01. Januar 2016

Fugen und Flächen im Griff

Werkzeug_1 Ausbau und Fassade - Fugen und Flächen im Griff

Hochwertiges Werkzeug ist die Voraussetzung für hochwertige Trockenbau-Oberflächen.

Kein Mensch würde seine Suppe mit der Gabel essen. Jeder weiß: dafür benutzt man einen Löffel. Bei der handwerk­lichen Herstellung von hochwertigen Trockenbau-Oberflächen ist dieses Bewusstsein für die Abhängigkeit des Arbeitsergebnisses vom eingesetzten Werkzeug noch nicht überall verankert.
Immer wieder wird auf Baustellen versucht, beim Fugenspachteln mit einer Glättkelle, deren Blatt an den Ecken nach oben verbogen ist, die Grundlage für eine hochwertige Q3-Oberfläche herzustellen. Nicht zu selten wurde damit vorher noch der Kratzputz an der Fassade aufgezogen. Mit einem derartigen Werkzeug ist es fast unmöglich, eine Fuge ohne großen Aufwand eben beziehungsweise übergangslos zu spachteln, ohne Vertiefungen, unregelmäßige Überhöhungen oder Wellen einzubauen.
Macht man es trotzdem, so rächt sich das mehrfach: Der Handwerker muss deutlich öfter über die Fuge ziehen, bis diese halbwegs eben und gratfrei wird. Wird für eine Q2-Beschichtung anschlie­ßend geschliffen, muss deutlich mehr geschliffen oder sogar nachgespachtelt werden.
Wird anschließend noch eine vollflächige dünne Spachtelschicht zur Erlangung einer Q3-Oberfläche aufgebracht, lässt sich auch damit nicht mehr retten, was in der Fuge versäumt wurde. Der dünne Auftrag von Spachtelmasse, der nur dem Porenverschluss des Kartons dient, um das Saugverhalten anzugleichen, ist nicht in der Lage, Unebenheiten im Millimeter-Bereich auszugleichen. Oft bleiben deshalb viele Fugen selbst bei Q3-Spachtelungen nach der Beschichtung deutlich sichtbar und führen nicht gerade zu Begeisterung beim Auftraggeber.
Bei HRAK-Fugen ist dies besonders ärgerlich, da diese mit relativ wenig Aufwand eben gespachtelt werden könnten. Doch auch angefaste Schnittkantenfugen werden tendenziell optisch noch mehr als gewohnt auffallen, wenn sie mit verformten Glättkellen gespachtelt werden.
Dies kann relativ einfach vermieden werden, wenn geeignete Glättkellen verwendet werden.
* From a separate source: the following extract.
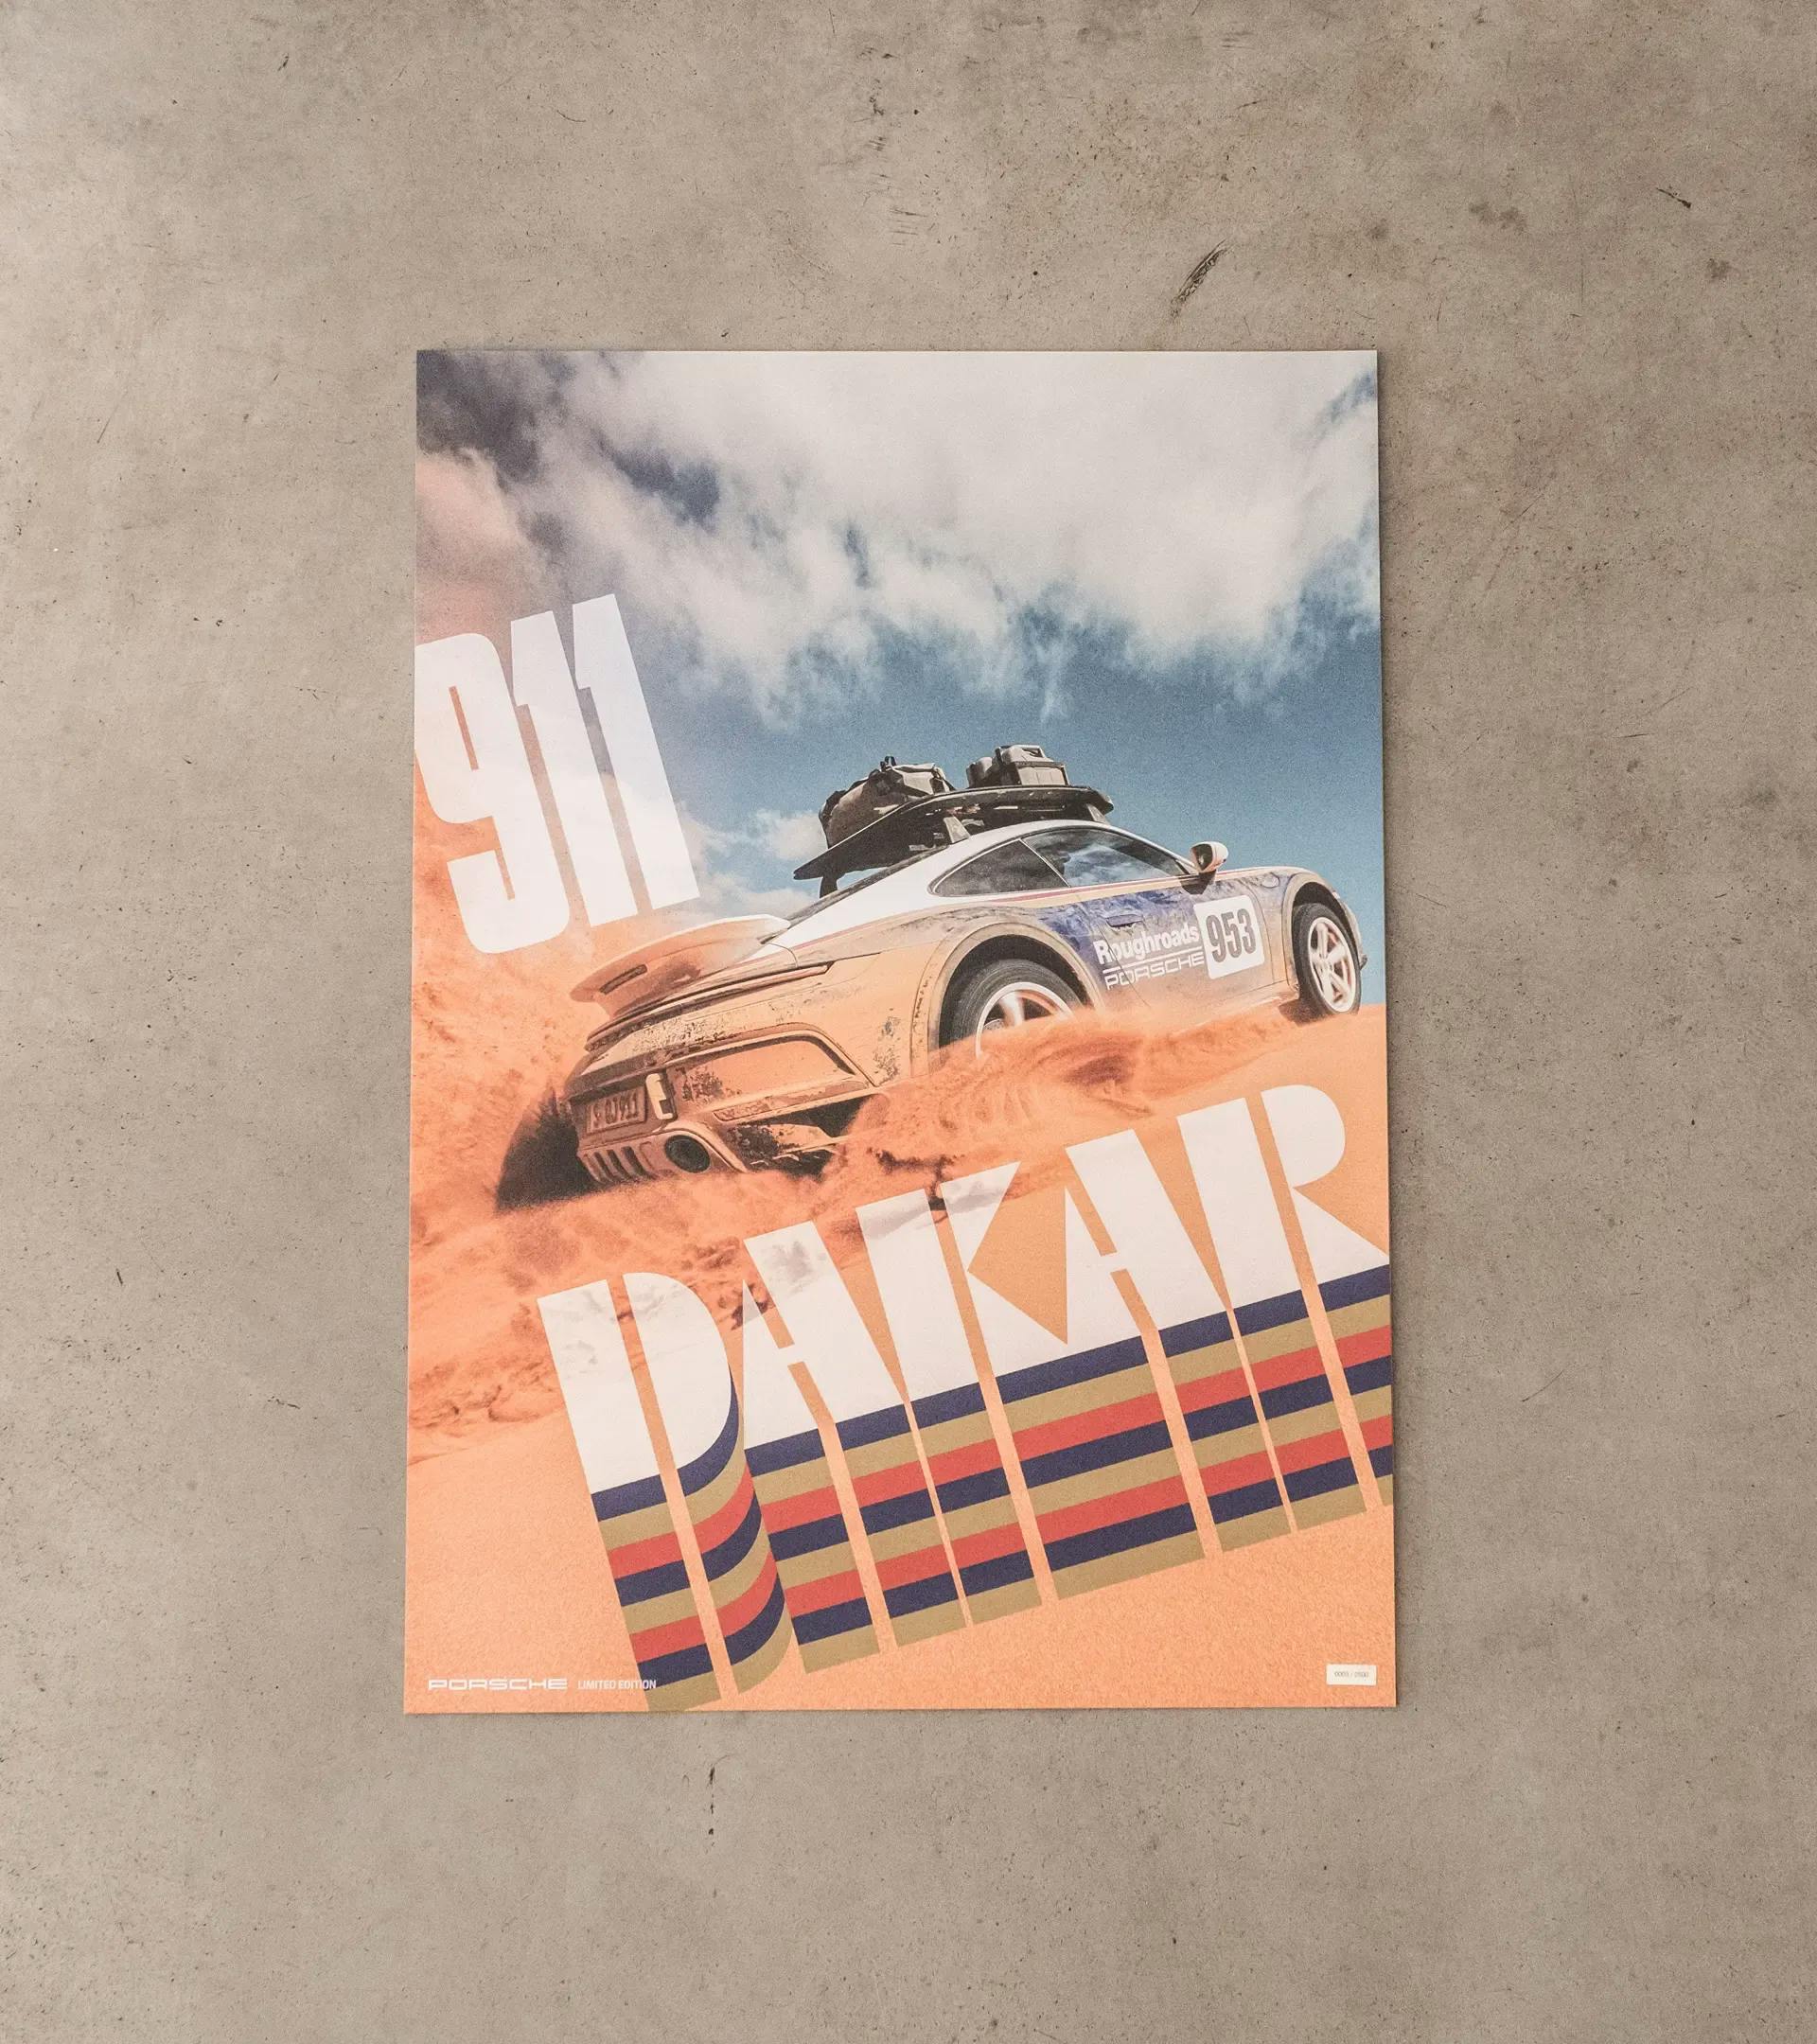 Conjunto de pósteres - 911 Dakar 2

Werkzeug für die perfekte Fuge
Eine geeignete Kelle sollte folgende Eigenschaften haben:
• Langer Steg nahezu in Blattlänge. Dadurch wird eine Verformung der Kelle beim Spachteln in Längsrichtung unterbunden. Dies vermeidet vertieftes Spachteln einer Fuge und vereinfacht das Spachteln bei Schnittkanten in ­einem Zug.
• Relativ schmales, aber langes Blatt. Dies reduziert die Verformung der Kelle beim Spachteln in Querrichtung und vermindert den Druck der Kelle im Bereich der Fuge (da prozentual mehr Kelle auf dem Karton als auf der Fuge gleitet). Dadurch wird das Herauswalken einer Wulst vermieden, was zu ­einer glatteren Fuge führt. Beim zweiten Spachtelgang lässt sich durch das breitere Blatt die Fuge in einem Zug breit ausziehen.
• Blattmaterial aus dünnem Feder-Edelstahl. Dadurch wird das dauerhafte Aufstellen der Blattecken vermieden. Das ist die Grundvoraussetzung zum Spachteln für ebene Fugen. Der zweite Spachtelgang kann zusätzlich aufgrund der Flexibilität des Blattes mit einem Zug ausgeführt werden, so dass links und rechts der Fuge auf Null ausge­zogen werden kann. Das spart Zeit.
• Schweißpunktfreie Verbindung zwischen Blatt und Steg. So lassen sich durch Schweißpunkte von vornherein verzogene Blätter und Korrosionsstellen vermeiden.
Je hochwertiger das geforderte End­ergebnis, umso mehr hängt dieses unmittelbar vom eingesetzten Werkzeug ab. Bei der Herstellung von Q4-Oberflächen – den hochwertigsten handwerklich herstellbaren Flächen – zeigt sich das noch deutlicher.
Bei Q4-Oberflächen wird die Spachtelmasse mindestens 1 mm dick vollflächig aufgebracht und verteilt. Sind von der vorherigen Fugenspachtelung schon Unebenheiten von mehr als 1 mm im Untergrund (siehe oben, Einfluss der Glättkelle auf die Fugenqualität), steigt zwangsläufig der Material- und Zeitaufwand und das Endergebnis wird schlechter.
Sind die Fugen ohne größere Unebenheiten verspachtelt, so hat das Werkzeug, mit dem die Spachtelmasse verteilt wird, den größten Einfluss auf das Endergebnis. Nimmt man zum Beispiel ein relativ kurzes Werkzeug (kürzer als eine halbe Plattenbreite, beispielsweise eine Glättkelle oder einen sehr kurzen Schmetterling), produziert man sehr viele Grate, die später weggeschliffen werden müssen.
Muss das Werkzeug vom Griff bedingt relativ steil gehalten werden, zieht man in der Regel sehr viele Wellen in den Untergrund. Denn je nach Entfernung der Führhand zum Körper, hält man das Werkzeug (einhändig gehalten) anatomisch bedingt immer in einem anderen Winkel zur Oberfläche. Weit weg vom Körper hält man es flacher, näher am Körper steiler. Bei steil gehaltenem Werkzeug wird mehr Material abgezogen als bei flach gehaltenem. Zusätzlich tropft abgezogenes Material, das sich auf dem Blatt sammelt, häufig ab, verunreinigt den Boden und ist Abfall.
Ungünstig beeinflusst wird die Ebenheit auch durch die Härte des Blattes. Je härter das Blatt, umso weniger kann es den unterschiedlichen Druck und Winkel der Führhand ausgleichen. Diese Probleme können mit einer geeigneten Flächenspachtel einfach vermieden werden.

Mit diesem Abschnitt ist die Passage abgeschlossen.